Your answer must be the exact lines below, starting with the line with "Spot Dog Microfiber" and going on through the line with "Xero Shoes HFS", both included, with no pictures.

• _Records provided_:
----

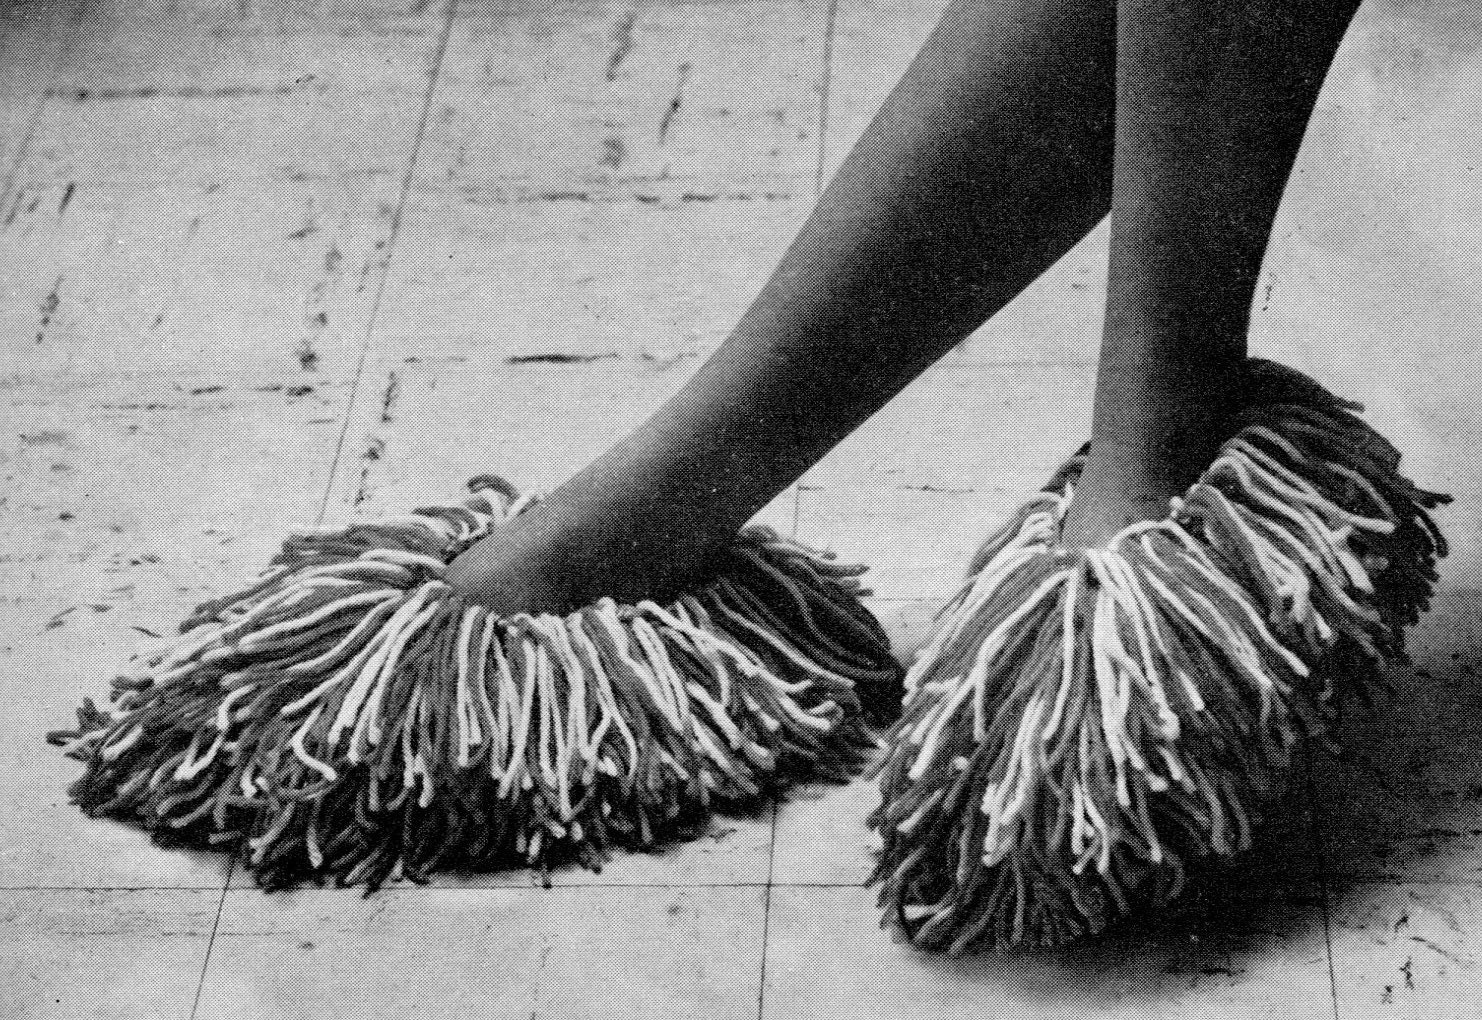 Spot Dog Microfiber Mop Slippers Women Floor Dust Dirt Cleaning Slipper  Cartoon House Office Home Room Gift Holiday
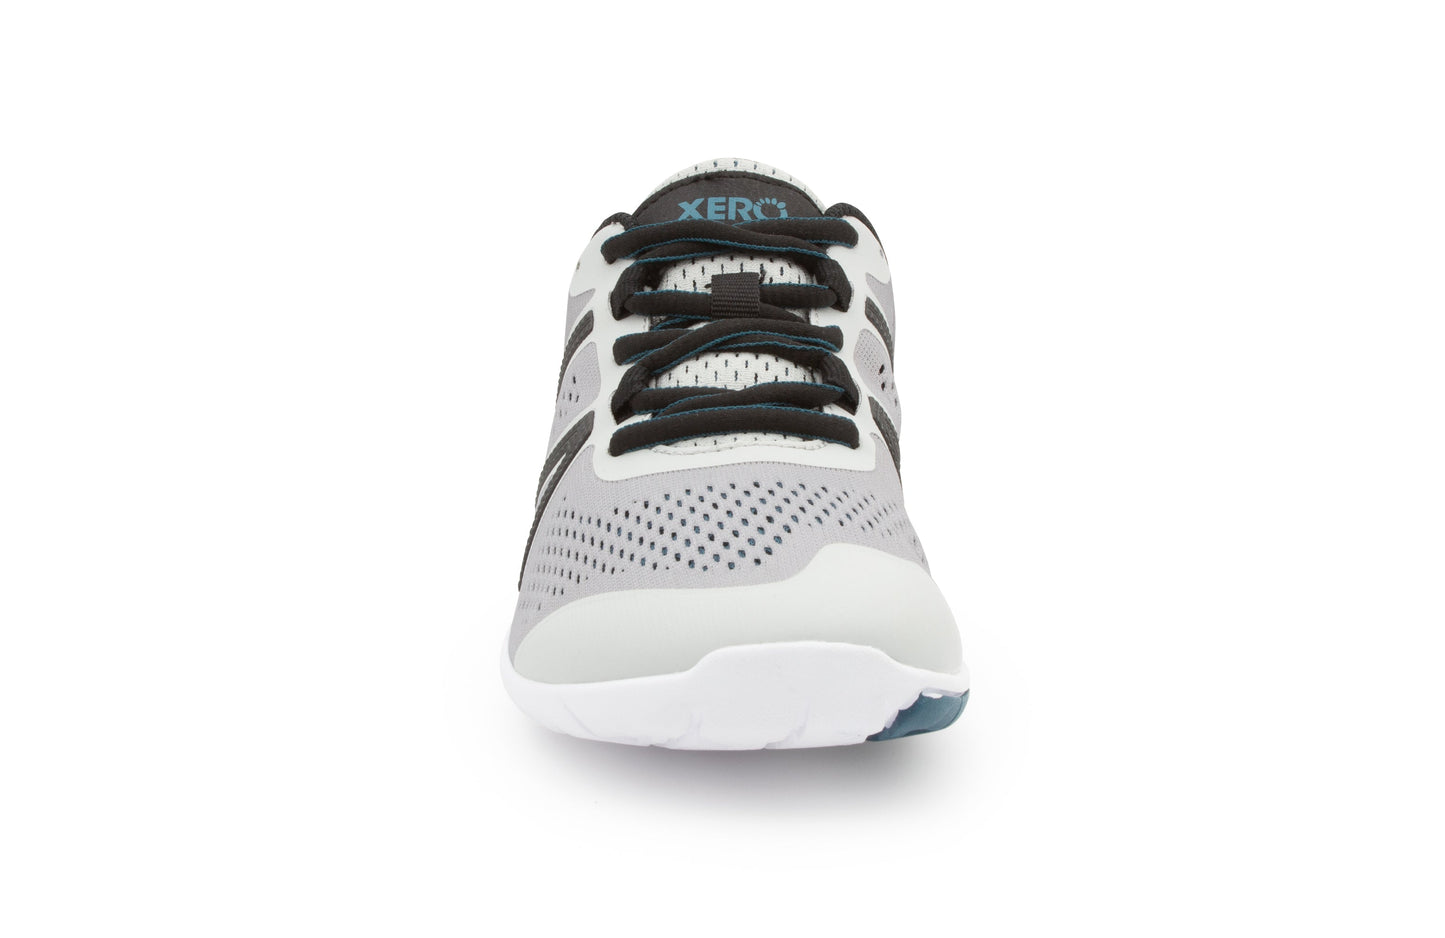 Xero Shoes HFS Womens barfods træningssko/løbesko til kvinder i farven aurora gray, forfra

----

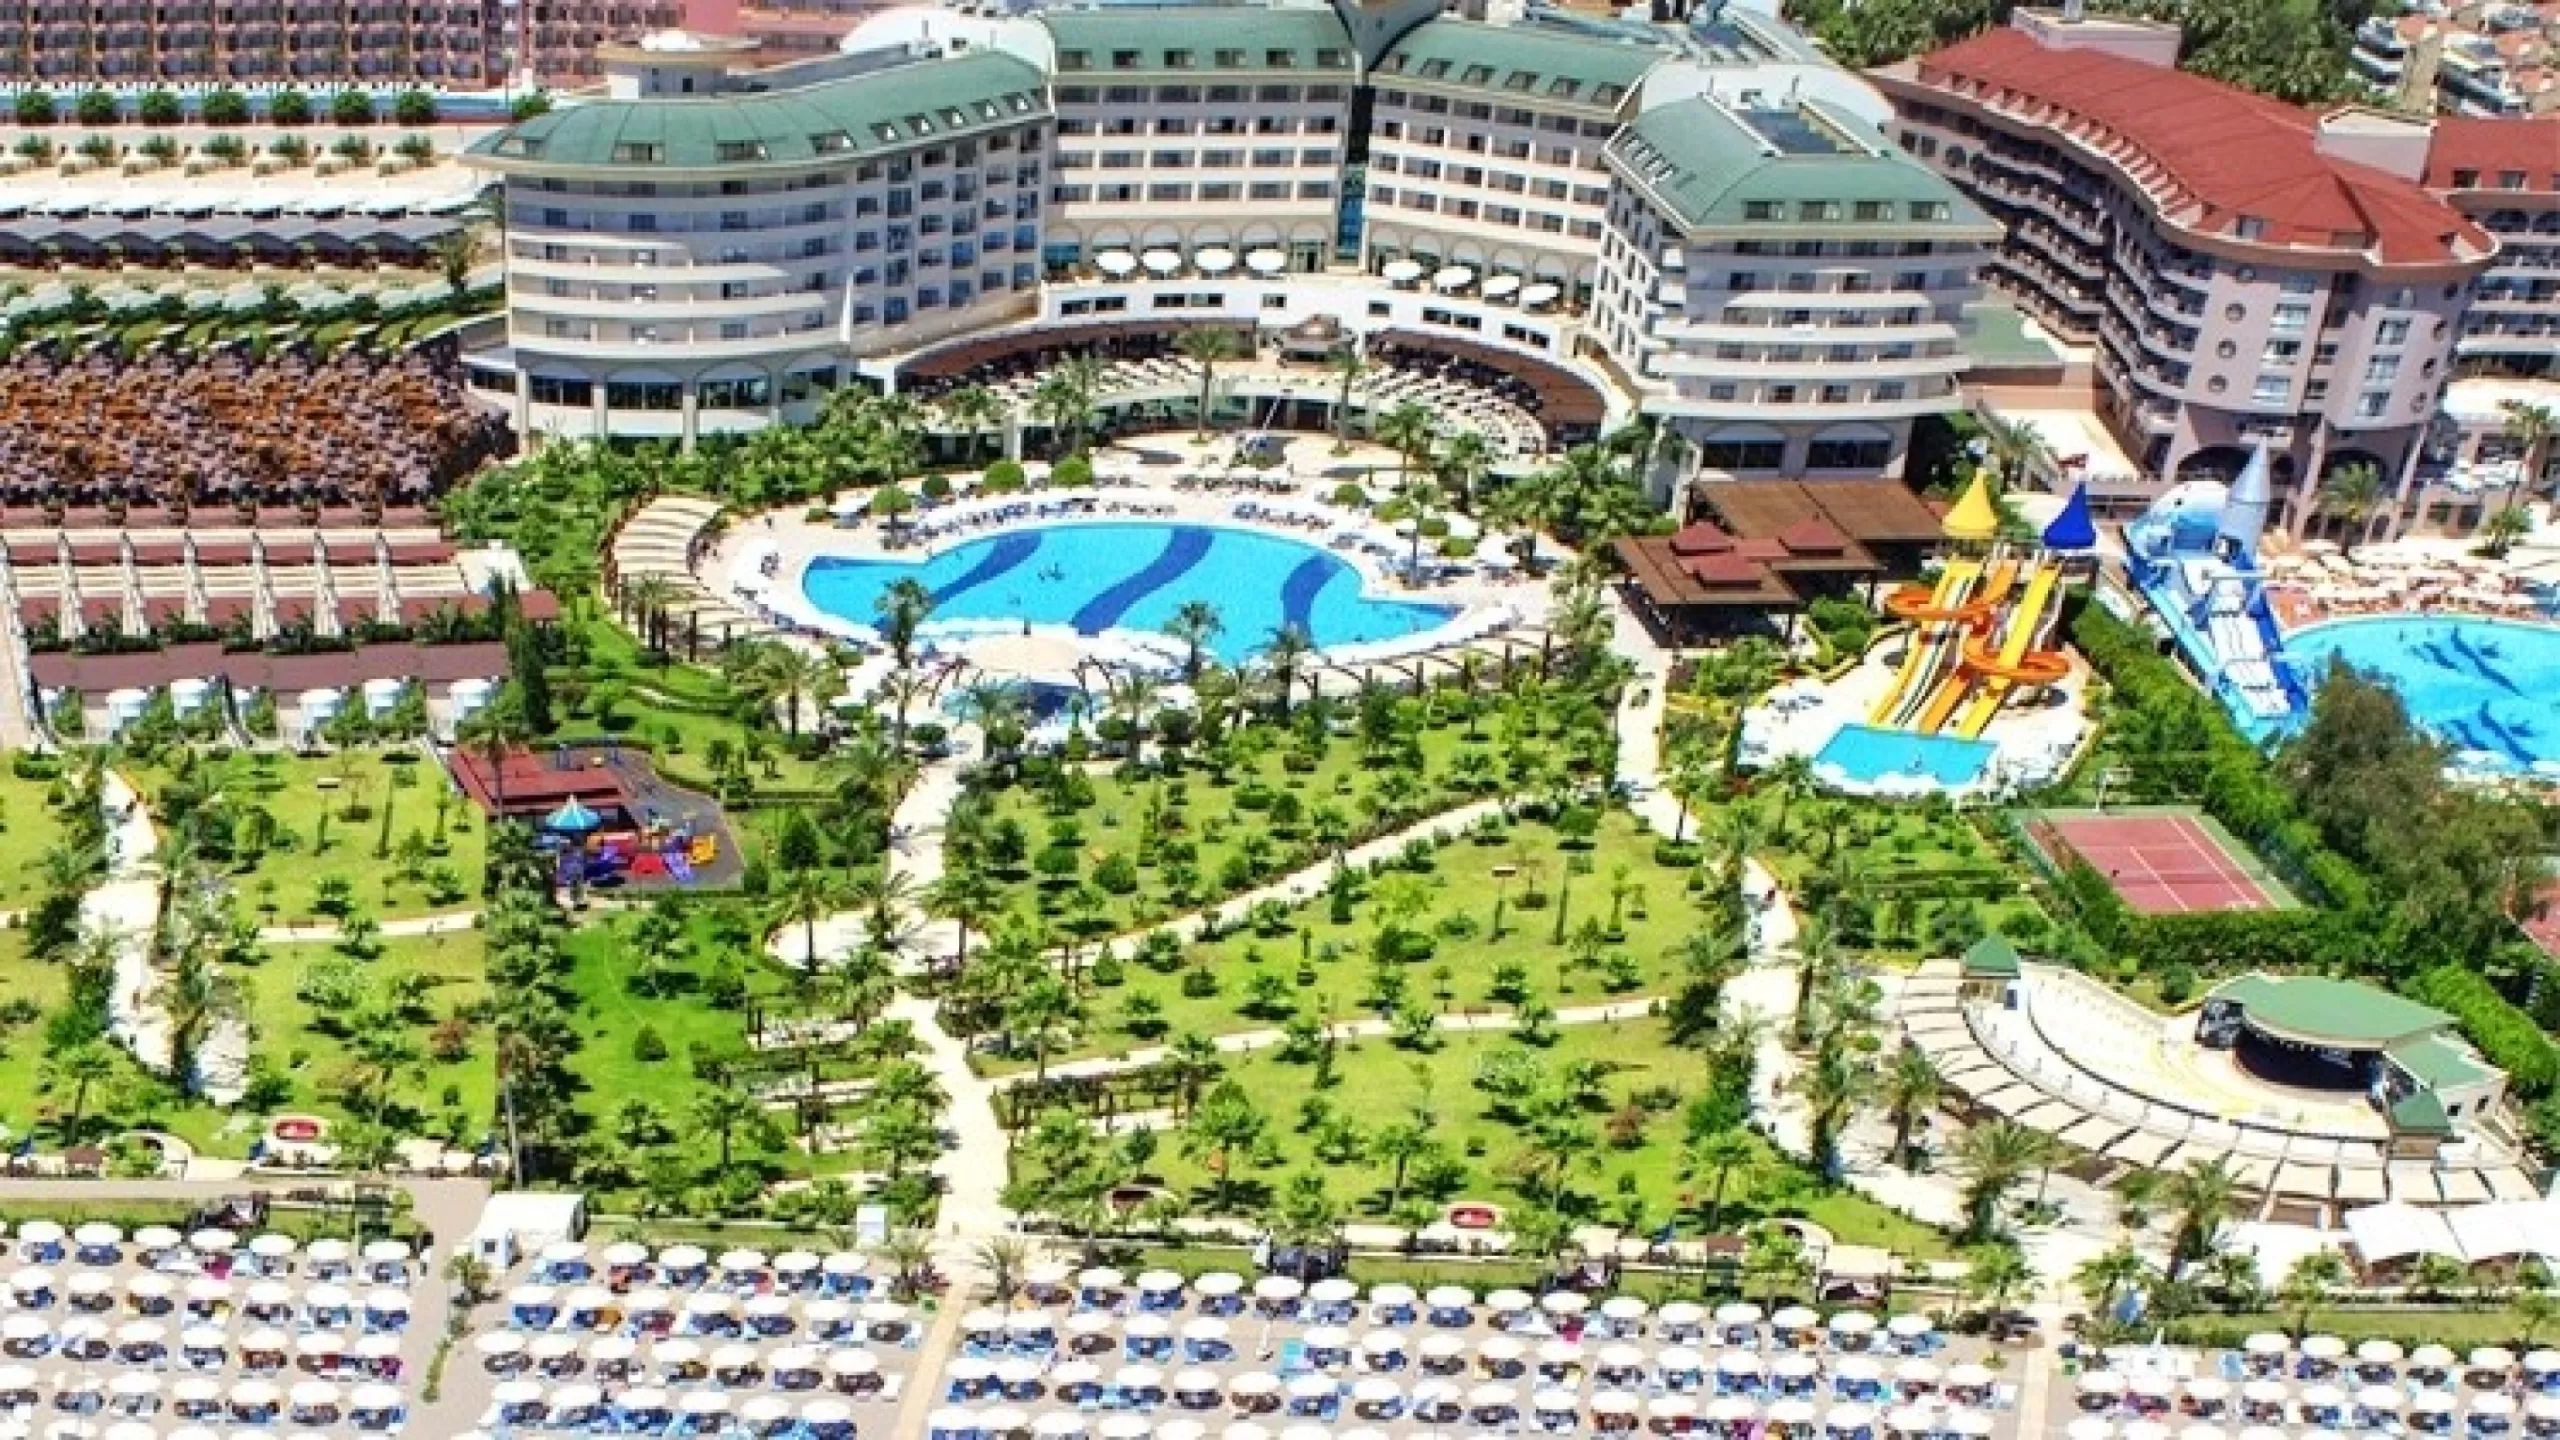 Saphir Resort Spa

----

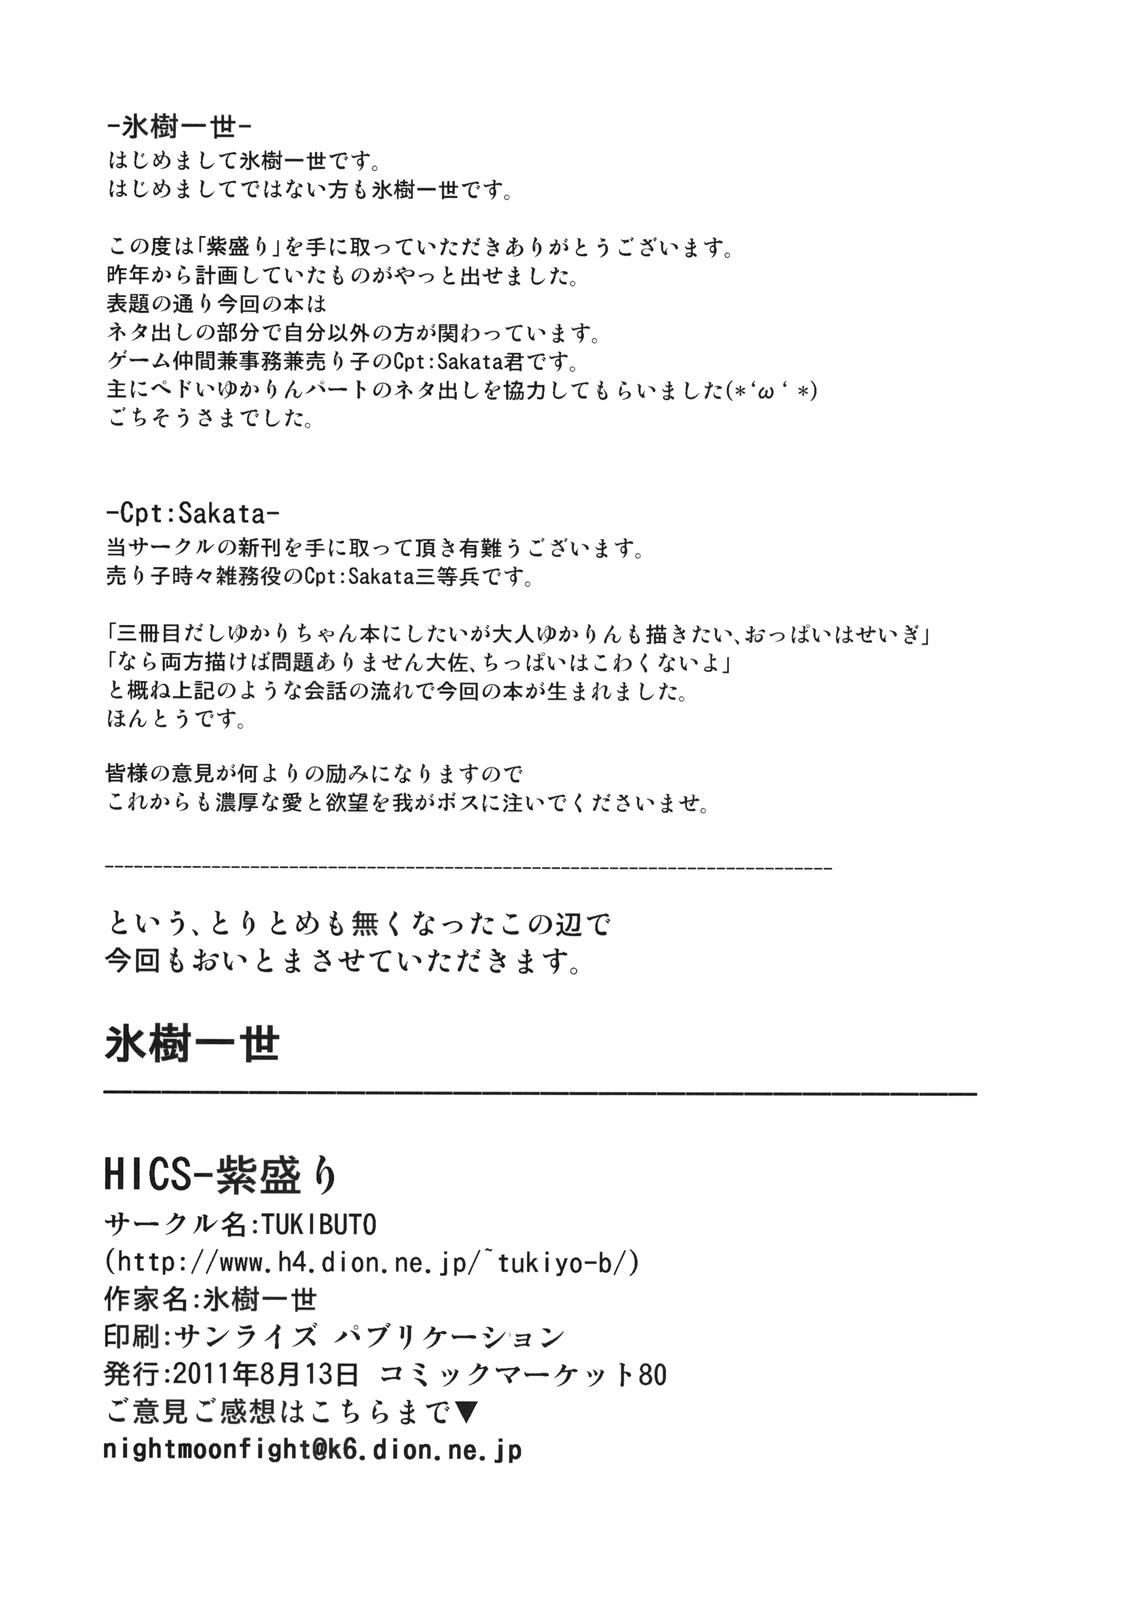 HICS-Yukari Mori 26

----

• _Task answer_:
 Spot Dog Microfiber Mop Slippers Women Floor Dust Dirt Cleaning Slipper  Cartoon House Office Home Room Gift Holiday
 Xero Shoes HFS Womens barfods træningssko/løbesko til kvinder i farven aurora gray, forfra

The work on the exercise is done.